Грохот, который подняли рабочие, заглушил звуки шагов на лестнице. Один лишь Эрастофен мог сообразить, кто спускается в пещеру, но он чересчур увлекся своей - сказкой.
- …и когда Золушка - нищая, оборванная, слепенькая - просила подаяния, ей бросали пуговицы и щепки. А все потому, что замарашкам нечего думать о принцах.
- Ты уверен?
Огненный шар выкатился к ногам Эрастофена. Демон с удивлением посмотрел вниз:
- Ты кто, чучело?
- Сейчас узнаешь. Какую ногу тебе откусить первой?

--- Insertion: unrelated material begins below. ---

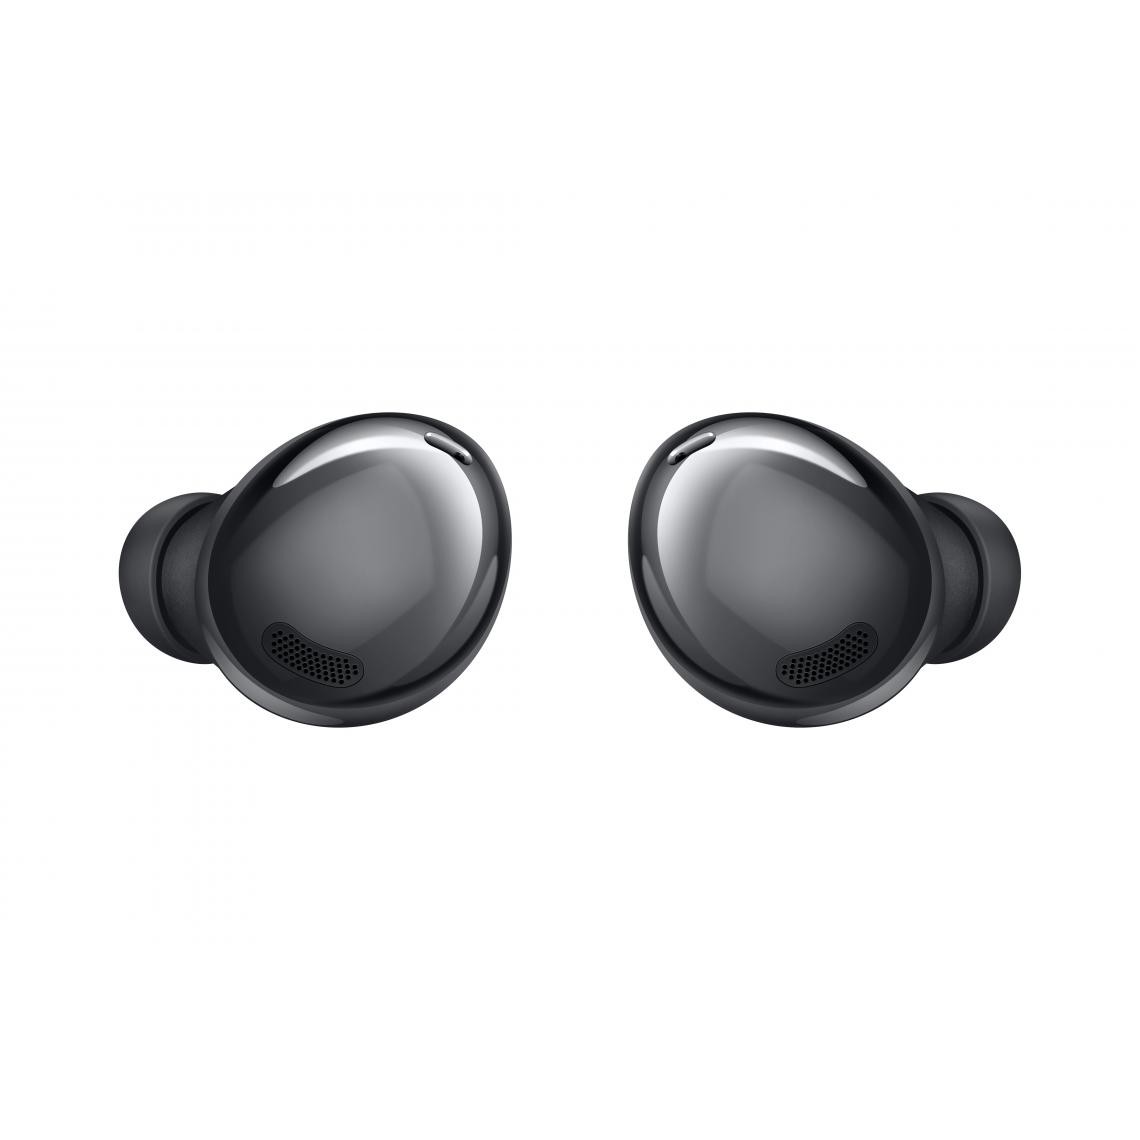 Samsung - Galaxy Buds Pro Noir - Ecouteurs intra-auriculaires

- А, ты… - В голосе Казначея скользнуло разочарование.-Дамаэнур. Вот уж не думал, что ты настолько неразборчив в подборе невест. И что ты в ней нашел? - Он махнул рукой в сторону пылающей горы-Инцери. - Ляжки как у коровы, глаза на мокром месте. Впрочем, у каждого свои вкусы.

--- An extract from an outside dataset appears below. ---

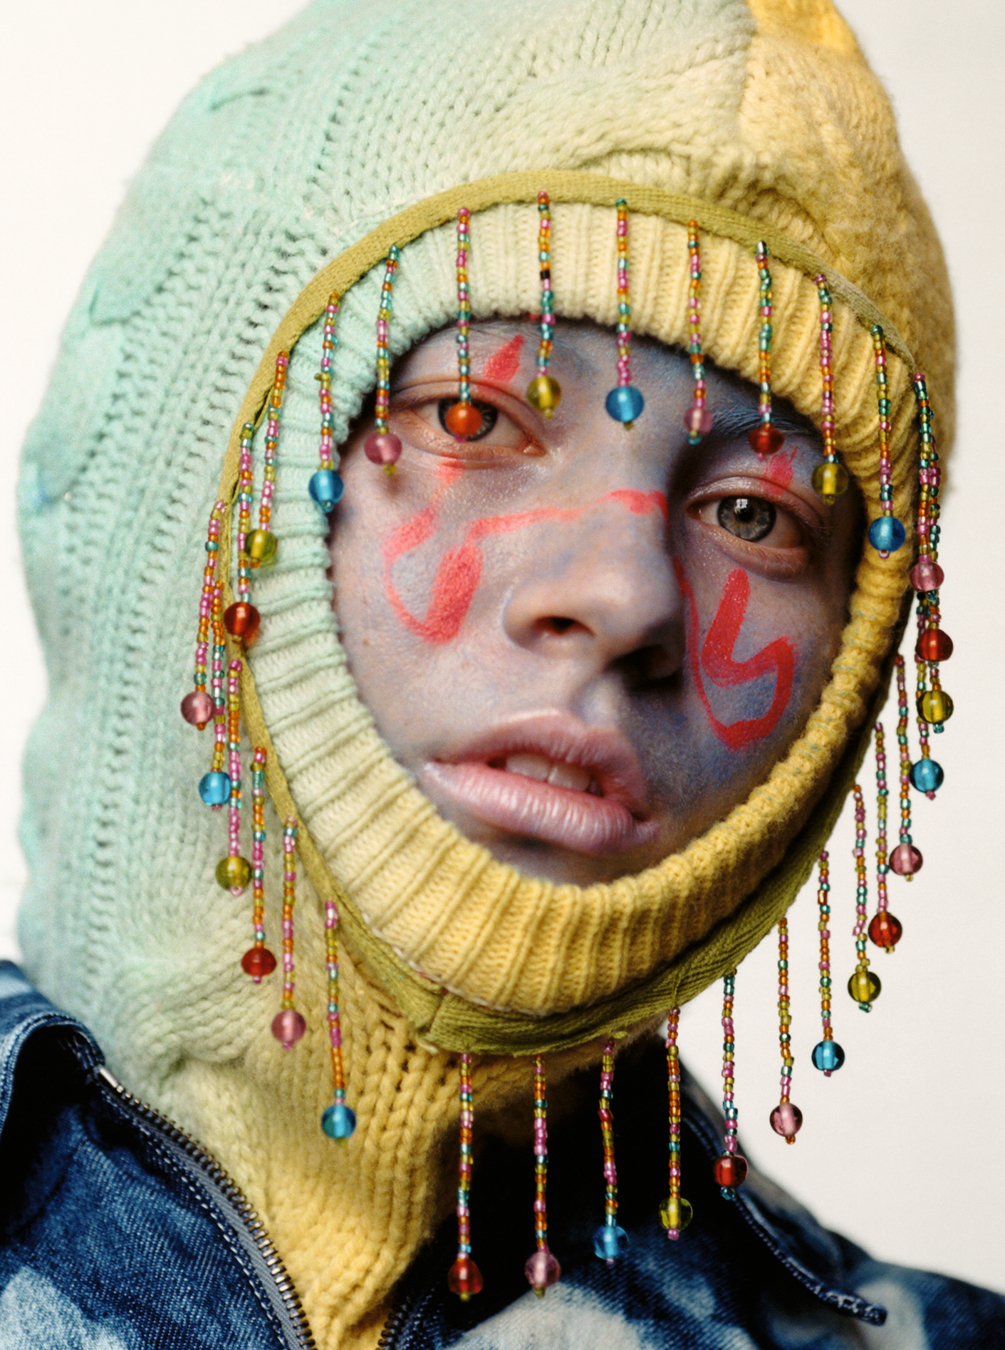 Lola + Pani photograph of a model wearing a balaclava with beats on it, with colourful facepaint on

Он отвернулся и словно бы заметил Истессо:
- Ба! И Ланселот здесь! Какими судьбами? Дай хоть обниму тебя, негодник. Тоже за девицей?
Ланселот придержал философа:
- Не стоит, Эра. То Финдир на шею кидается, то ты… Так и устать можно.

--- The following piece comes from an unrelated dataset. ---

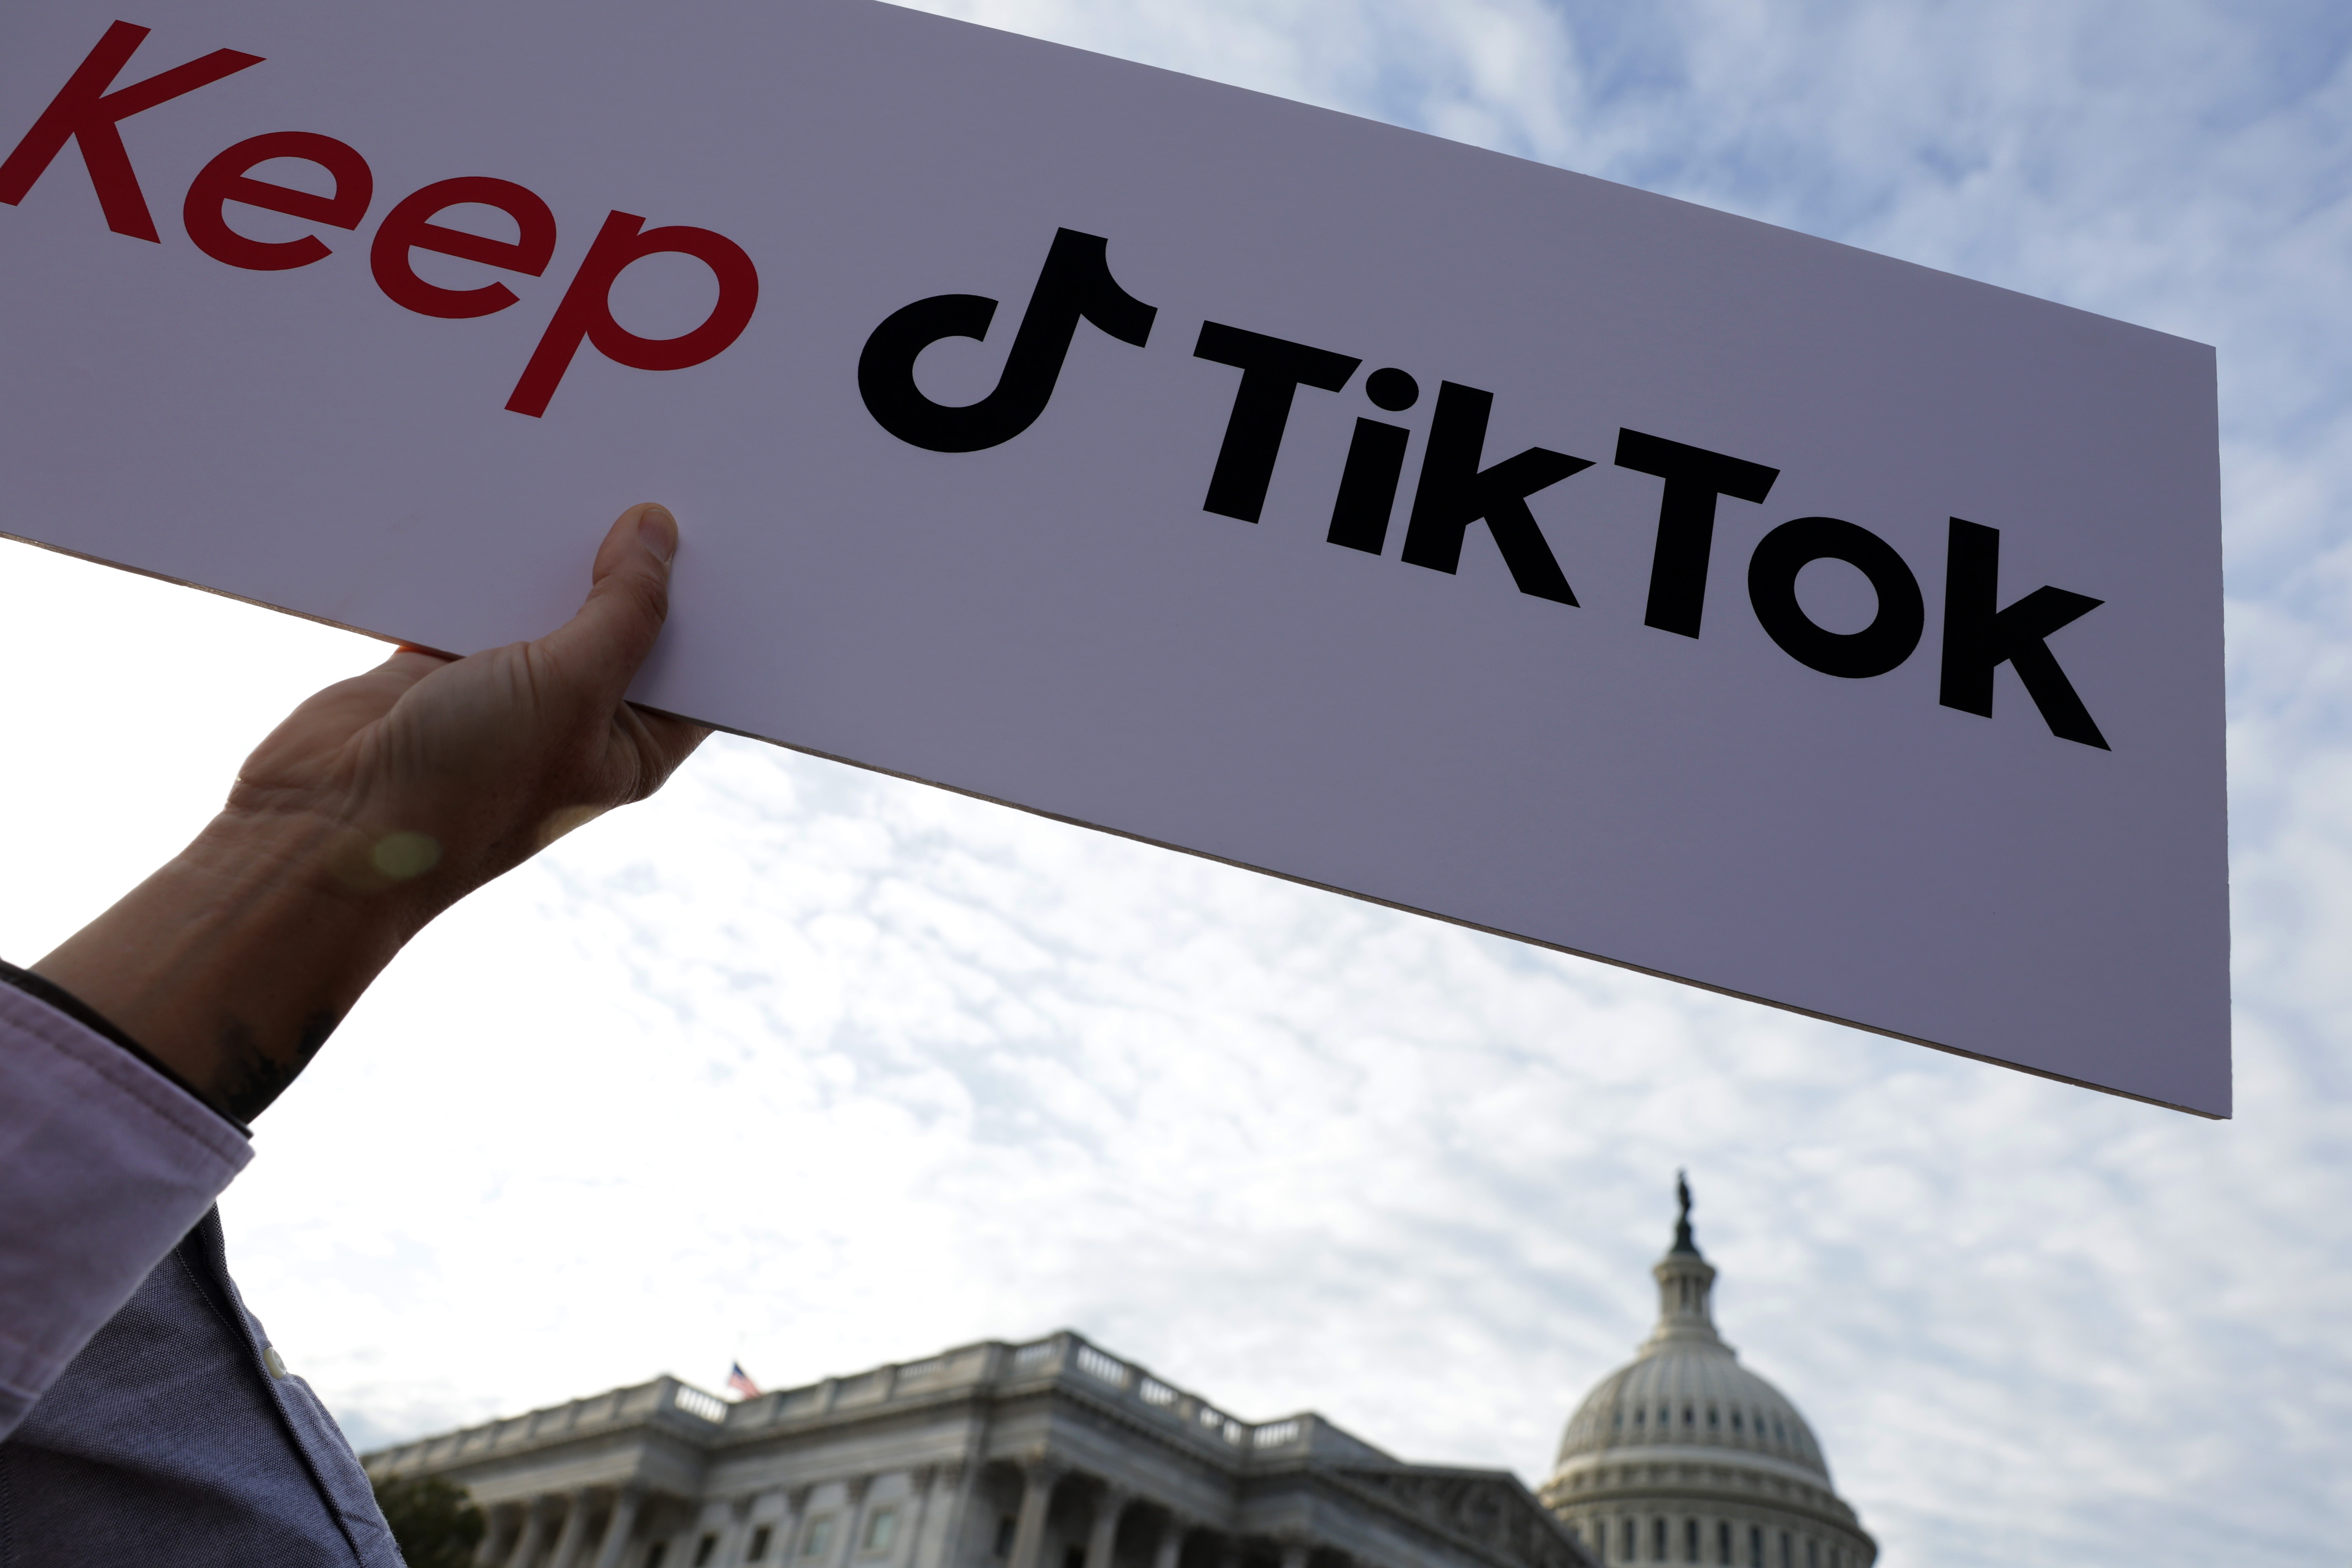 A supporter holds up a sign that read “Keep TikTok” during a news conference on TikTok in front of the U.S. Capitol on March 22, 2023.

- Чудак-человек! - добродушно прогудел Эрастофен. - Обижаешь, ей-богу. Куда ж ты?
Истессо отодвинул философа в сторону и пошел к скале, к которой была прикована Лиза. Служки окончательно заклепали цепи. Собрали стремянки, молоты, клинья и отправились восвояси. Ланселот дождался, пока мимо пройдет первый из них, и поставил ему подножку.
- Обижаете, сударь-господин, - пробасил тот, вставая. - Рабочего человека всяк рад обидеть.
- Ничего, утрешься. Назад давай. И молоток не забудь.
- Чего это?
- Цепи снимешь. Ну? Чего глазами лупаешь?
Рабочий тупо моргал, не понимая, чего от него хотят.
- Зря ты это, Хоакин. - Эрастофен неслышно подошел сзади и стал за плечом Истессо. - Ребята старались, камень буравили. Да и рабочий день уже закончился.
Жаркое марево вскипало в воздухе, разделяя Лизу и Хоакина. Стрелок отобрал у рабочего молот и зубило и пошел сквозь колеблющуюся стену. Чадное масляное пламя взлетело к потолку, обжигая. Ланселот не удержался, рухнул на колени. Лицо и руки его покрылись волдырями, одежда дымилась. Обожженные ноги не держали.
- Да кто она тебе? - донеслось, словно сквозь толщу раскаленного песка.-Любишь ее? Да? Ну тогда ползи.
Хоакин попытался встать. По обожженному лицу текли слезы. Кровь вскипала, в ушах бились тонкие голоса из снов:
«Кто ты?! Кто?»
Огромная саламандра ворочалась в своем пылающем ложе. Огонь, жар, свет… снова пламя. Багровые языки, оранжевые протуберанцы, золотые искры, фиолетовая кайма. Горестная складка в уголках губ Инцери. Лоснящаяся шкура - черная в огнистых трещинах, - словно магма проглядывает сквозь корку шлаков.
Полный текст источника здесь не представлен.